Program in Computational Biology and Bioinformatics, Yale University, Bass 432, 266 Whitney Avenue, New Haven, CT 06520, USA.
Science. 2010 Dec 24;330(6012):1775-87. doi: 10.1126/science.1196914. Epub 2010 Dec 22.
We systematically generated large-scale data sets to improve genome annotation for the nematode Caenorhabditis elegans, a key model organism. These data sets include transcriptome profiling across a developmental time course, genome-wide identification of transcription factor-binding sites, and maps of chromatin organization. From this, we created more complete and accurate gene models, including alternative splice forms and candidate noncoding RNAs. We constructed hierarchical networks of transcription factor-binding and microRNA interactions and discovered chromosomal locations bound by an unusually large number of transcription factors. Different patterns of chromatin composition and histone modification were revealed between chromosome arms and centers, with similarly prominent differences between autosomes and the X chromosome. Integrating data types, we built statistical models relating chromatin, transcription factor binding, and gene expression. Overall, our analyses ascribed putative functions to most of the conserved genome.

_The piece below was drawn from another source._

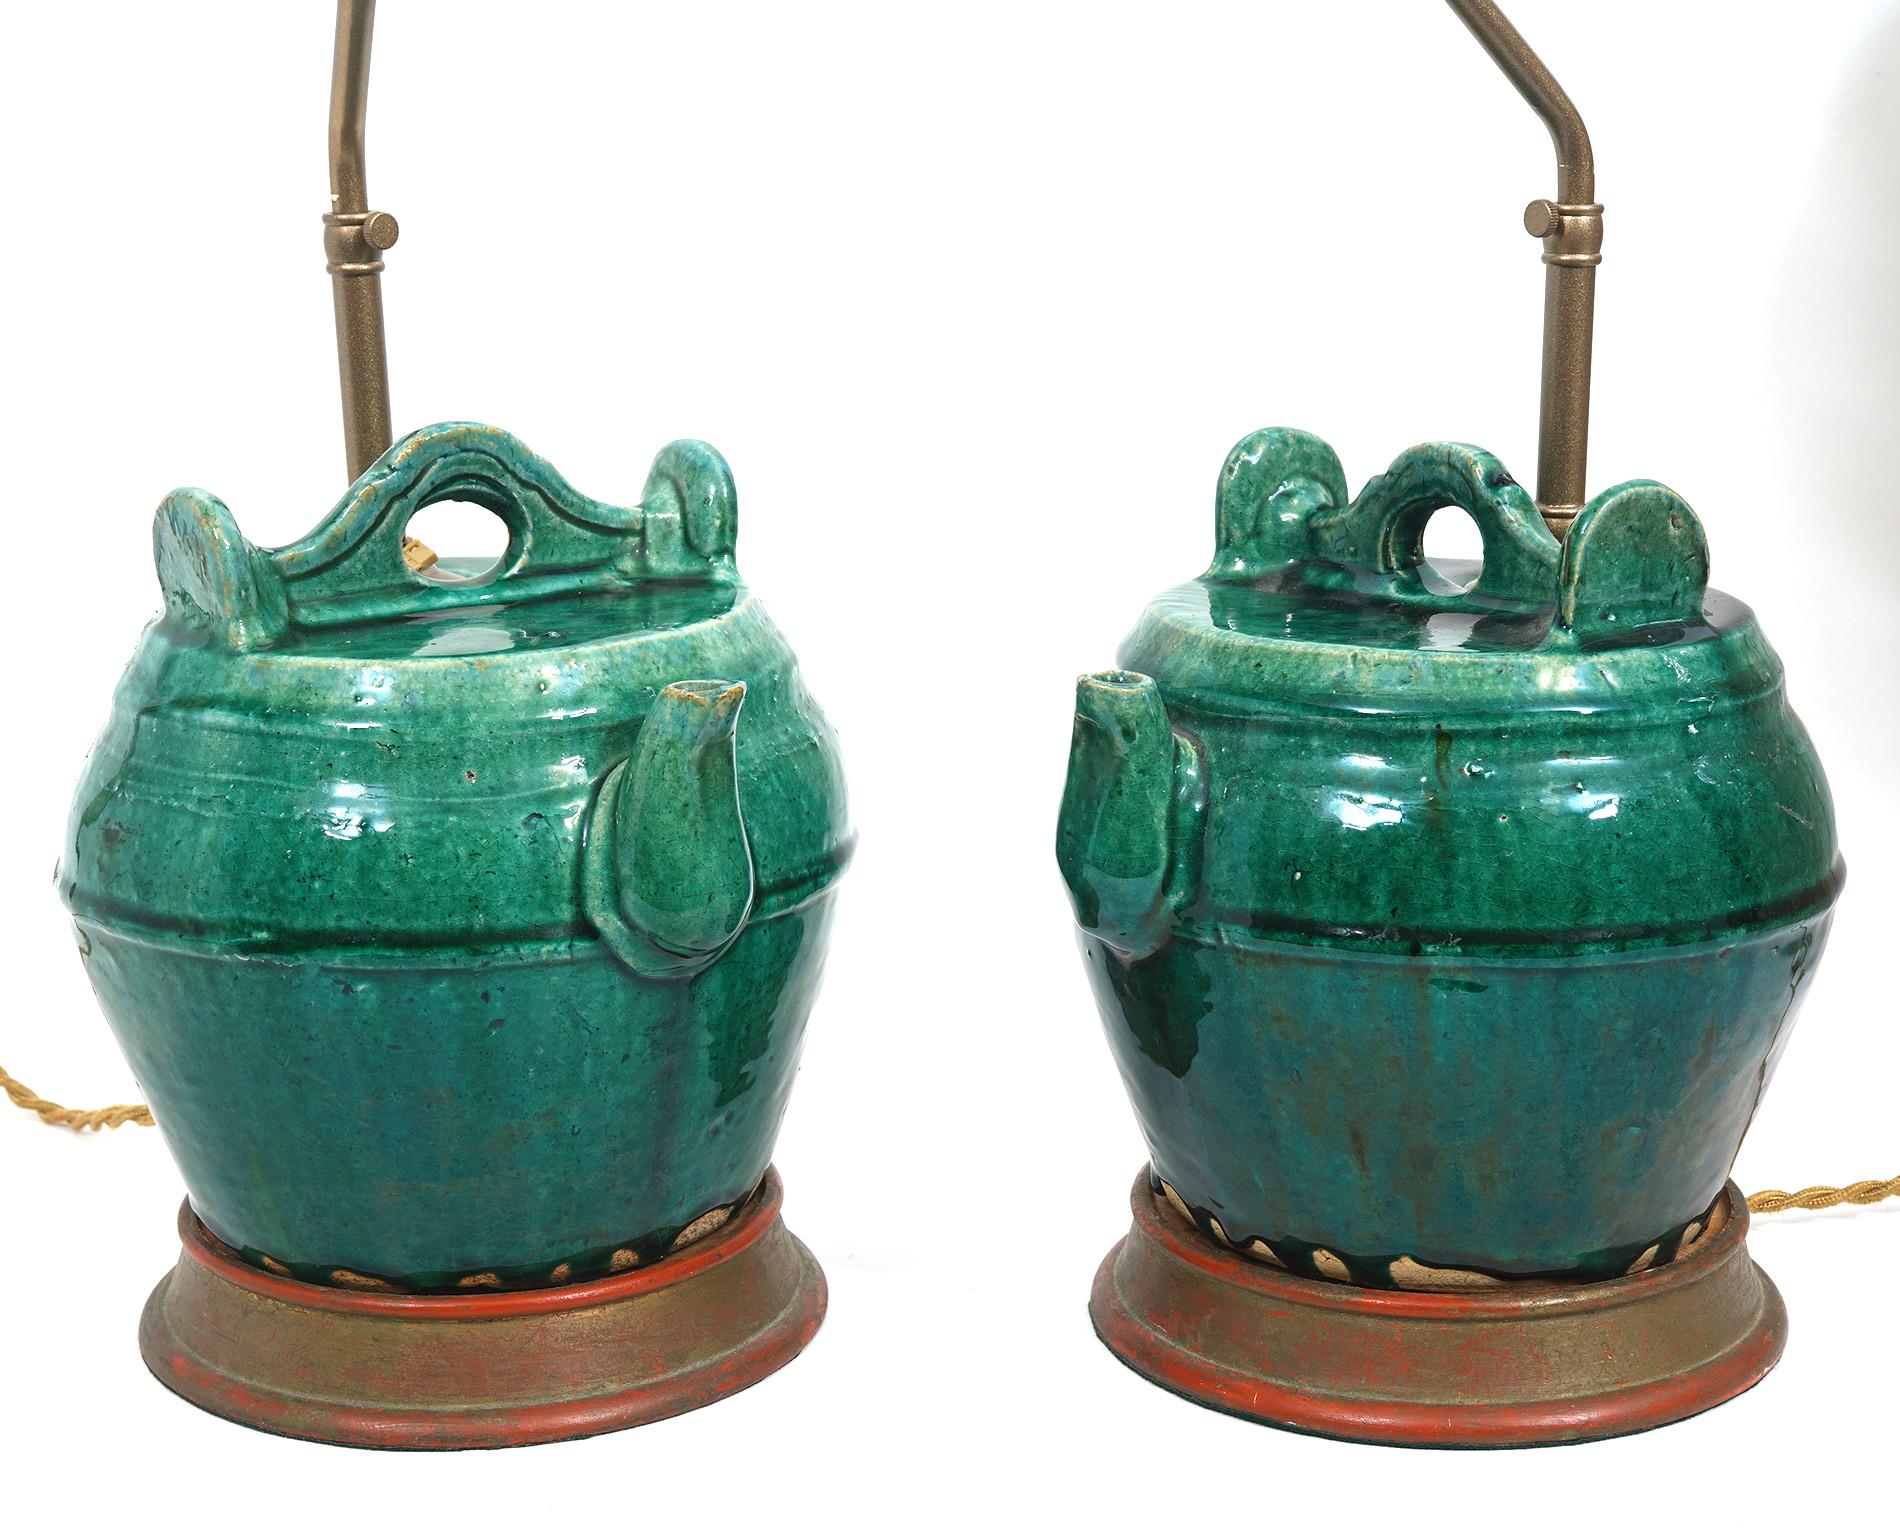 Pair of Antique Chinese Ceramic Jars Mounted as Table Lamps In Excellent Condition For Sale In Ft. Lauderdale, FL

我们系统性地生成了大规模数据集,以改进线虫秀丽隐杆线虫的基因组注释,这是一种重要的模式生物。这些数据集包括发育时间过程中的转录组分析、转录因子结合位点的全基因组鉴定以及染色质组织图谱。由此,我们创建了更完整和准确的基因模型,包括选择性剪接形式和候选非编码 RNA。我们构建了转录因子结合和 microRNA 相互作用的层次网络,并发现了大量转录因子结合的染色体位置。在染色体臂和中心之间揭示了不同的染色质组成和组蛋白修饰模式,常染色体和 X 染色体之间也存在类似的显著差异。通过整合不同的数据类型,我们构建了与染色质、转录因子结合和基因表达相关的统计模型。总的来说,我们的分析将保守基因组的大部分赋予了假定的功能。